How is Genius Defined?

Perhaps one of the most insightful, albeit least objective, definitions of genius was provided by noted philosopher Arthur Schopenhauer:

"Talent hits a target no one else can hit; Genius hits a target no one else can see."

There seems to be no universally accepted definition of genius. In fact some scholars contend that the term genius is not a useful term at all. Definitions of genius have ranged from Intelligence Quotient, or I.Q., Creativity, Focussed Activity, Vision and/or a combination of a number of factors relating to individuals with extraordinary mental capabilities and achievements. There is even the notion that the term genius can appropriately apply to one or more specific talents that one individual may exhibit, such as music or mathematics or art.

This article will present various definitions of genius, together with analysis of well known individuals of history for whom the label of genius is now universally applied.

Only a 160 I.Q.?

Albert Einstein -- considered among the greatest geniuses of all time

Albert Einstein -- considered among the greatest geniuses of all time

Wolfgang Amadeus Mozart -- Genius Title Achieved by Hard Work?

Controversy over whether he produced works effortlessly or labored over results

Controversy over whether he produced works effortlessly or labored over results

Johann Sebastian Bach -- his son CPE Bach was considered the star during JS Bach's lifetime

Universal Genius affirmed after centuries of evaluation

Universal Genius affirmed after centuries of evaluation

Genius -- the I.Q. Definition

Lewis Terman, inventor of the Stanford-Binet test that measures individual intelligence, believed that the intelligence quotient, or I.Q., was sufficient for determining who was and was not a genius.
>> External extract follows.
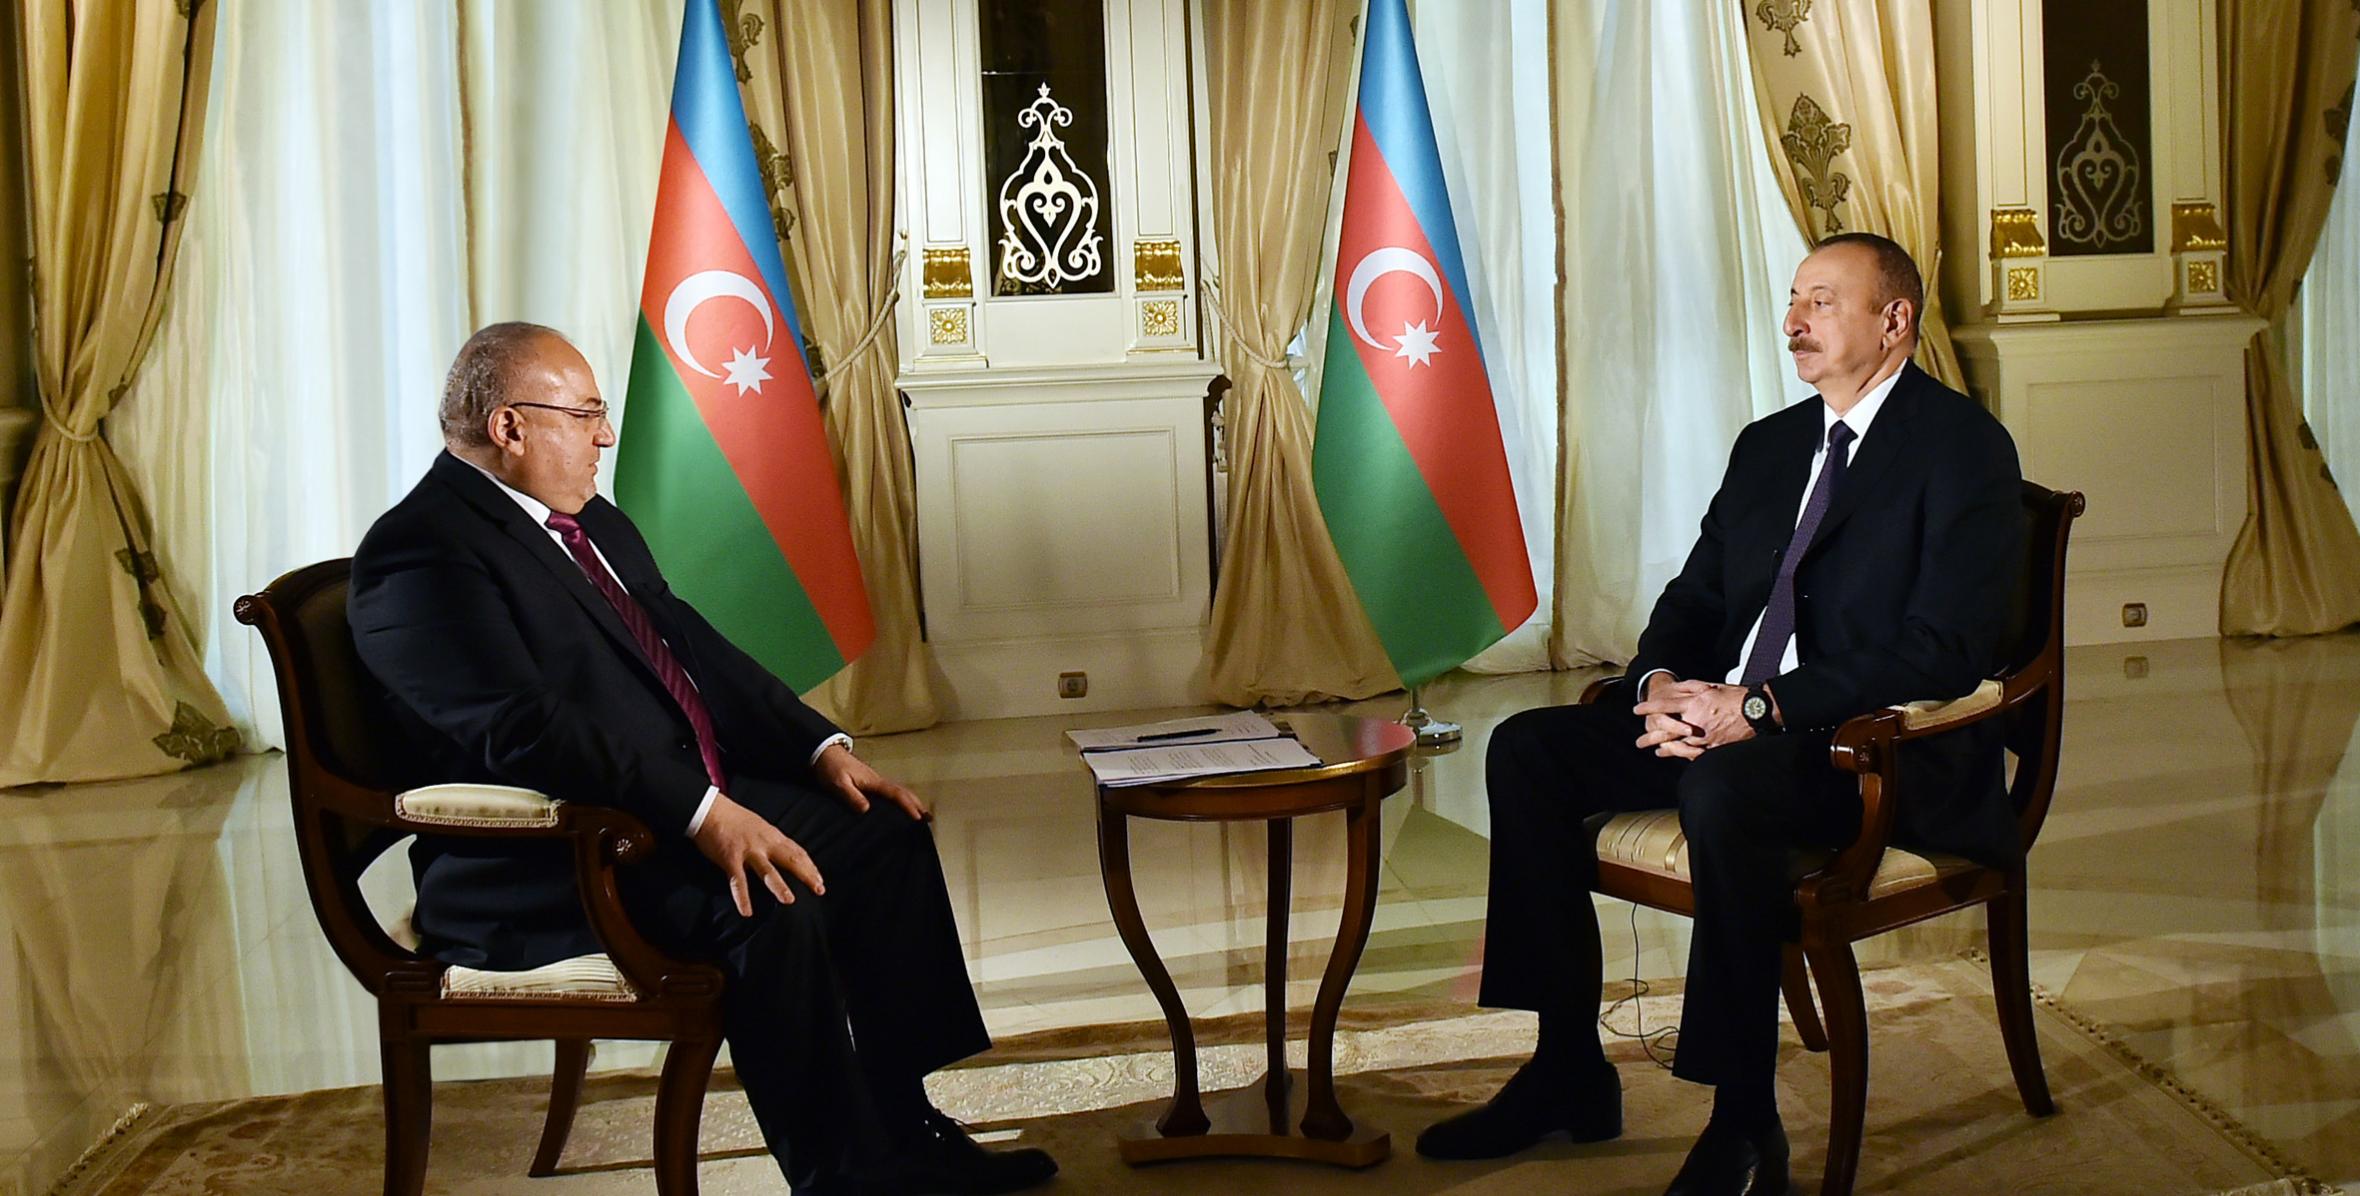 Ilham Aliyev was interviewed by Al Jazeera TV correspondent

He and his colleagues disagreed, however, on the cut-off level for the genius determination. Terman believed it was 140 or higher, whereas others of his colleagues believed it to be 180 or higher.

Based on the factor of I.Q. alone, Einstein, Mozart, Bach and Beethoven would have fallen short of the 180 cutoff -- according to a method developed by a psychologist associate of Dr. Terman, they each had I.Q.s estimated only in the 160's.

Genius is More Than I.Q.

Most scientists and other academics now believe that the definition of genius must include factors in addition to I.Q.

According to Andrew Robinson, author of Sudden Genius...The Gradual Path to Creative Breakthroughs, "Genius is the name we give to a quality of work that transcends fashion, fame, and reputation: the opposite of a period piece. Somehow, genius abolishes both the time and the place of its origin."

Based on Mr. Robinson's description of genius, there are at least two giants of the musical world that correspond to his description:

  • Wolfgang Amadeus Mozart, considered one the greatest music composers of all time, had long been considered a prodigy who produced his masterpieces effortlessly. Some scholars now believe that, without his father's strict regimen and Mozart's own tireless work ethic, Mozart would not have produced the incredible volume of brilliant work that has assured his stature as a genius.
  • Johann Sebastian Bach, long considered the master of baroque era musical composition, was overshadowed by the acclamation his son received as a composer. Only after his lifetime did the senior Bach draw the attention and acclaim to his achievements that placed him among the greatest of musical geniuses.

So, bestowing the mantel of genius for both Mozart and Bach required analysis of other factors than intelligence only. For Mozart it was, in part, the recognition of his prolific work ethic and incredible number of masterpieces; for Bach, it was the gradual awareness of his genius brought about by posthumous examination of the breadth and depth of his incredible musical compositions.

Other Definitions of Genius

Anyone searching the internet can find a multitude of writers and personalities who are willing to provide their own definitions of genius. One such personality says qualities of genius include vision, desire, faith and planning (among sixteen other qualities), and then offers training that can teach most anyone to become a genius.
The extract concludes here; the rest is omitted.